Thursday, January 17, 2008

New Scientist on Low-Carb Dieting

As a guy who not only lost a lot of weight four years ago by restricting my carb intake, but has kept it off, I was gratified to see the following commentary in the January 19, 2008, New Scientist:
For the past century, the advice to the overweight and obese has remained remarkably consistent: consume fewer calories than you expend and you will lose weight. This prescription seems eminently reasonable. The only problem is that it doesn't seem to work. Neither eating less nor moving more reverses the course of obesity in any but the rarest cases.


There is considerable evidence that the obesity epidemic is caused by a hormonal phenomenon, specifically by the consumption of refined carbohydrates, starches and sugars, all of which prompt (sooner or later) excessive insulin secretion. Insulin is the primary regulator of fat storage. When insulin levels are elevated, fat accumulates in our body tissue; when they fall, fat is released and we use it for fuel. By stimulating insulin secretion, carbohydrates make us fat; by driving us to accumulate fat, they increase hunger and decrease the energy we expend in metabolism and physical activity. In short, obesity is caused not by overeating or sedentary behaviour, but by hormonal malfunctioning triggered by the consumption of particular types of carbohydrate-containing foods.

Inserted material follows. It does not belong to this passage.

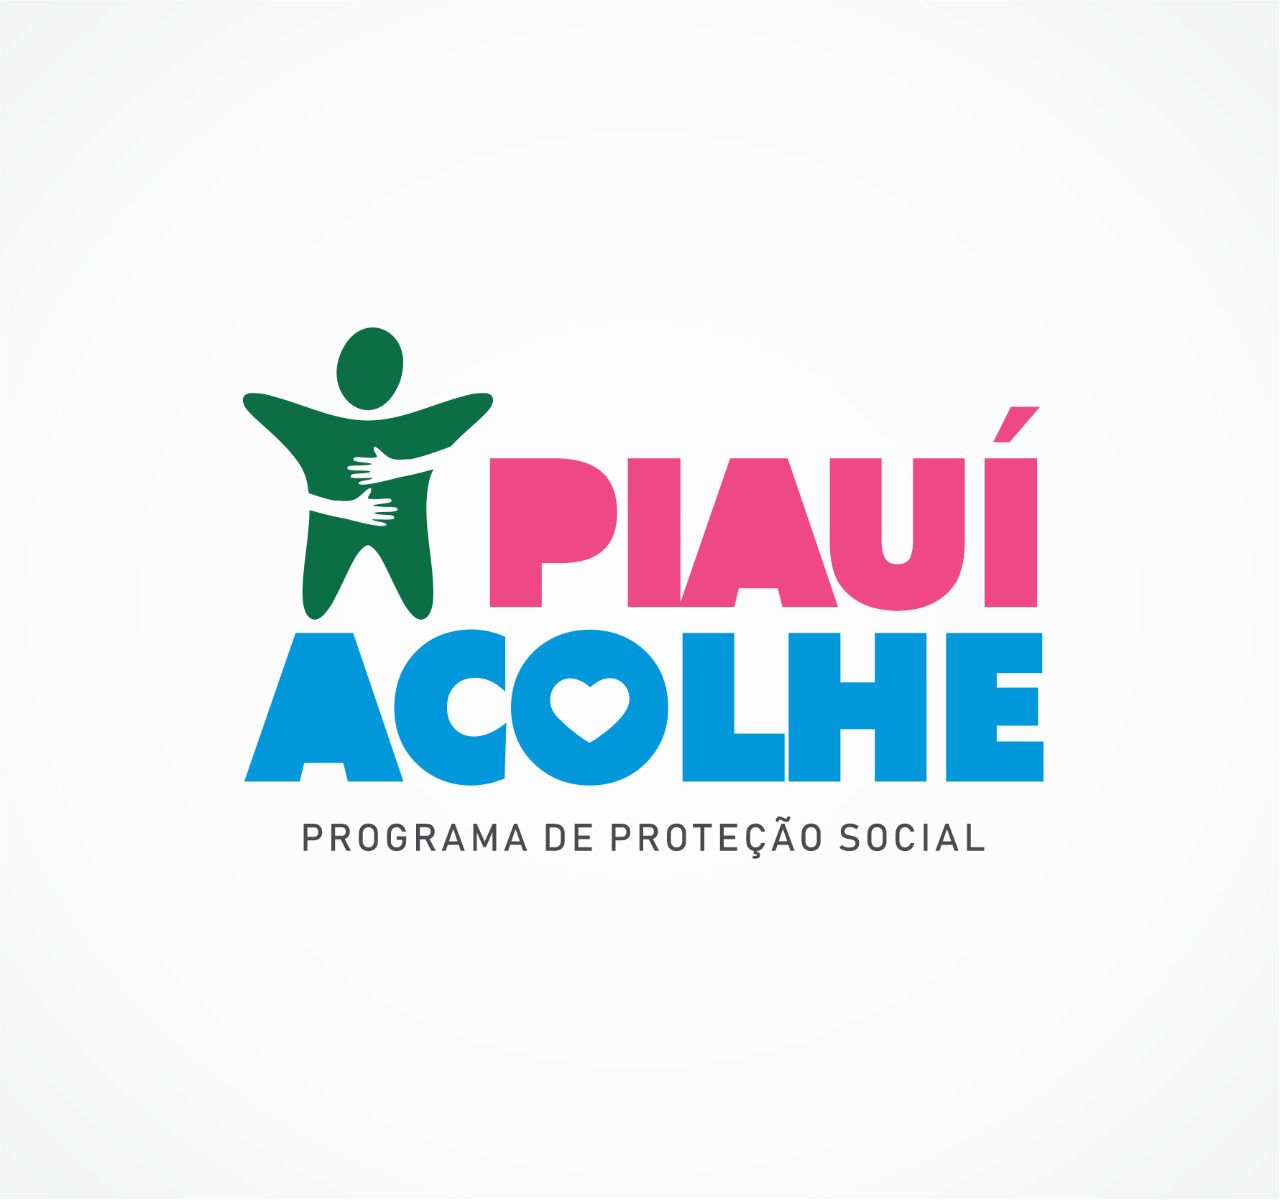 Logo do programa de proteção social Piauí Acolhe, que representa uma criança sendo abraçada, e abaixo está escrito "Programa de Proteção Social".

Obesity researchers, nutritionists and health authorities have refused to contemplate this scenario, partly because it would imply that diet-book doctors advocating carbohydrate-restricted diets -- Robert Atkins et al -- were right all along. Instead, these alleged experts and guardians of our health have wasted a good part of a century on research based on a high-school misconception, watching their compatriots grow ever fatter while blaming everyone but themselves. In the process, they have created a field of clinical medicine that functions more like a religion than a science. It is time to put science back in charge.
The above is by Gary Taubes, author of the new book The Diet Delusion.

The Robert J. Sawyer Web Site


At January 19, 2008 4:27 PM , Anonymous annie said...

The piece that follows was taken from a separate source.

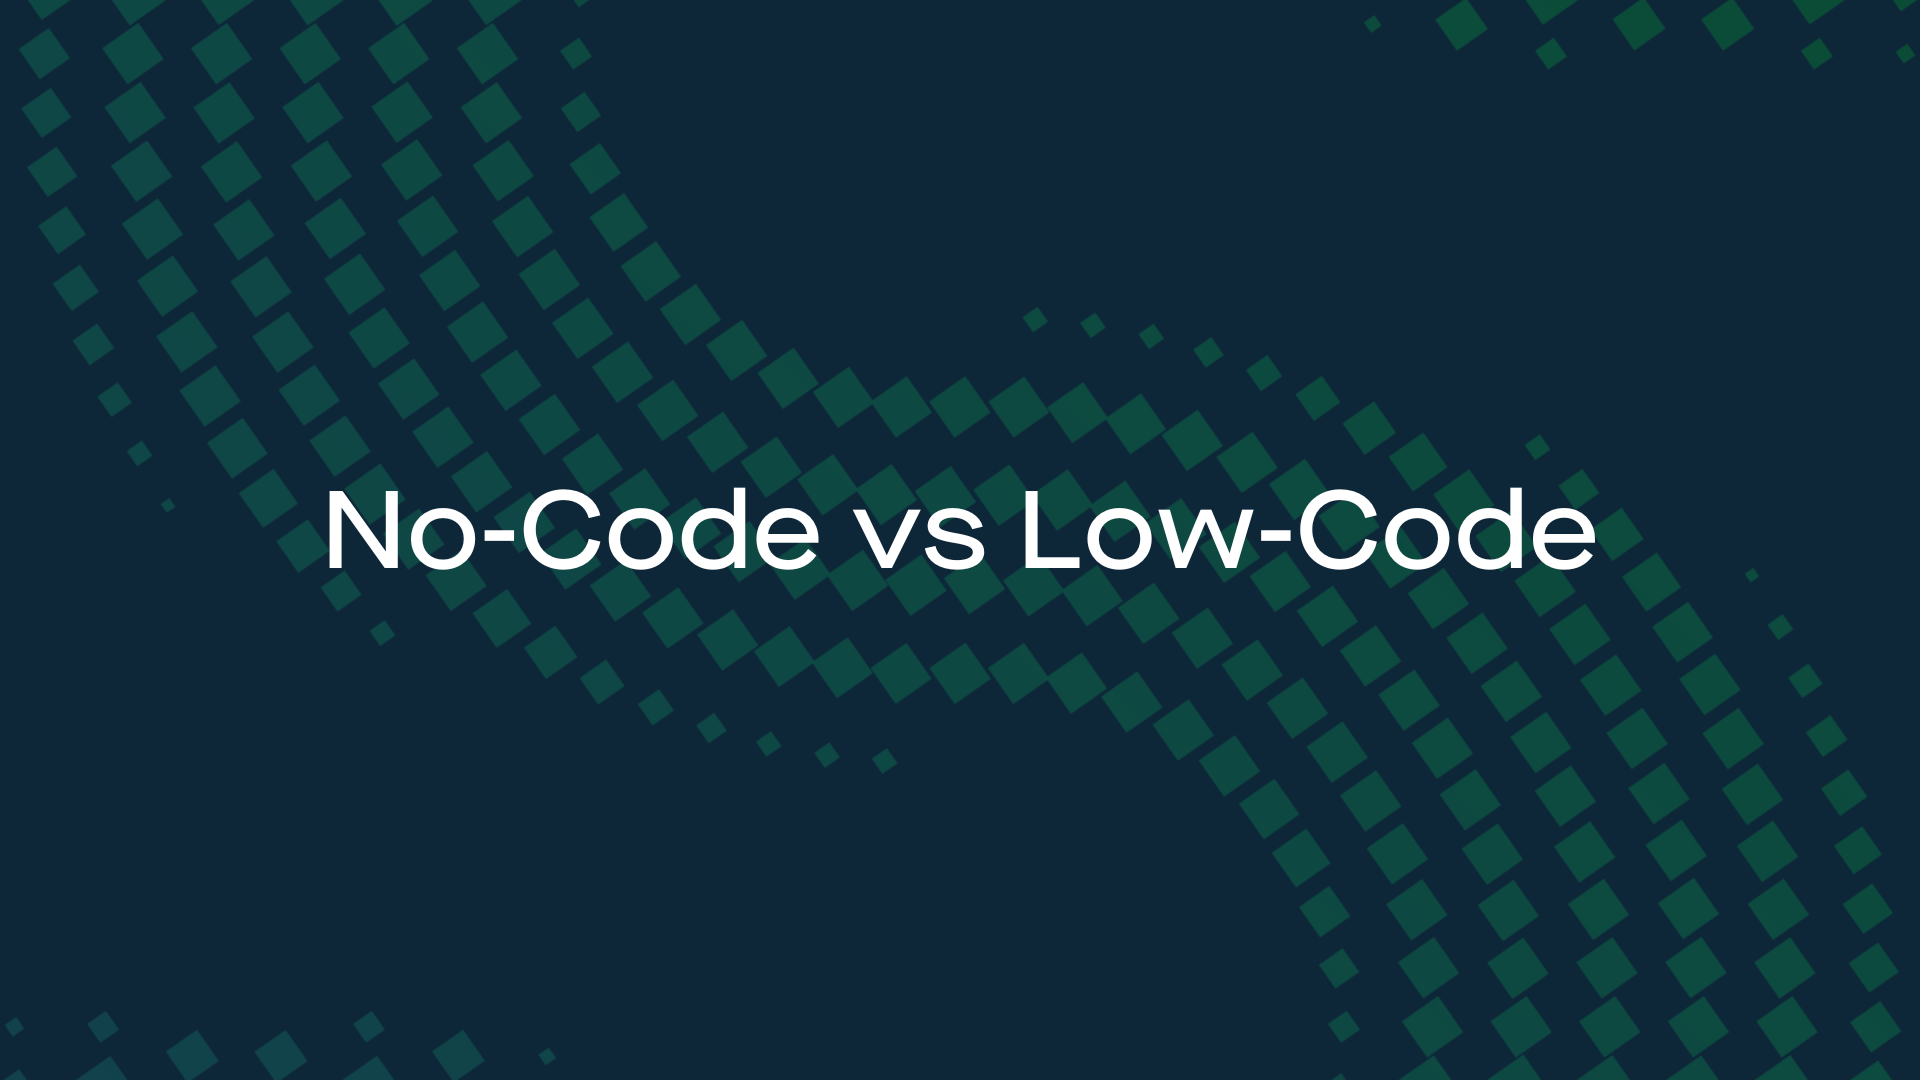 Low-Code vs No-Code

Gee, another person saying weight-loss is easy...I would never have thought I would find that here. Having the same struggles with weight as everyone else, with age and immune problems (thyroid)adding fuel to the fire I wish to comment that conspicious consumption of processed foods is possibly changing our DNA. Just a month ago doctors were commenting that "junk food" is impairing liver function, therefore slowing down metabolism. I believe this...not all carbs are to blame just the so called bad ones.
Thank you.

At January 19, 2008 4:39 PM , Blogger RobertJSawyer said...

There's not a single word in what I posted that says "weight-loss is easy." Not one word. It isn't; it takes will-power, exercise, AND good science. Re-read what I posted: the point is about whether there's an entrenched establishment scientific position on what causes weight gain that has exacerbated the problem through flawed advice.

On the other hand, I can't think of a likely way that specific foods change our DNA, which is the scenario you suggest; would you care to explain the mechanism you have in mind for that?

At January 19, 2008 5:23 PM , Anonymous annie said...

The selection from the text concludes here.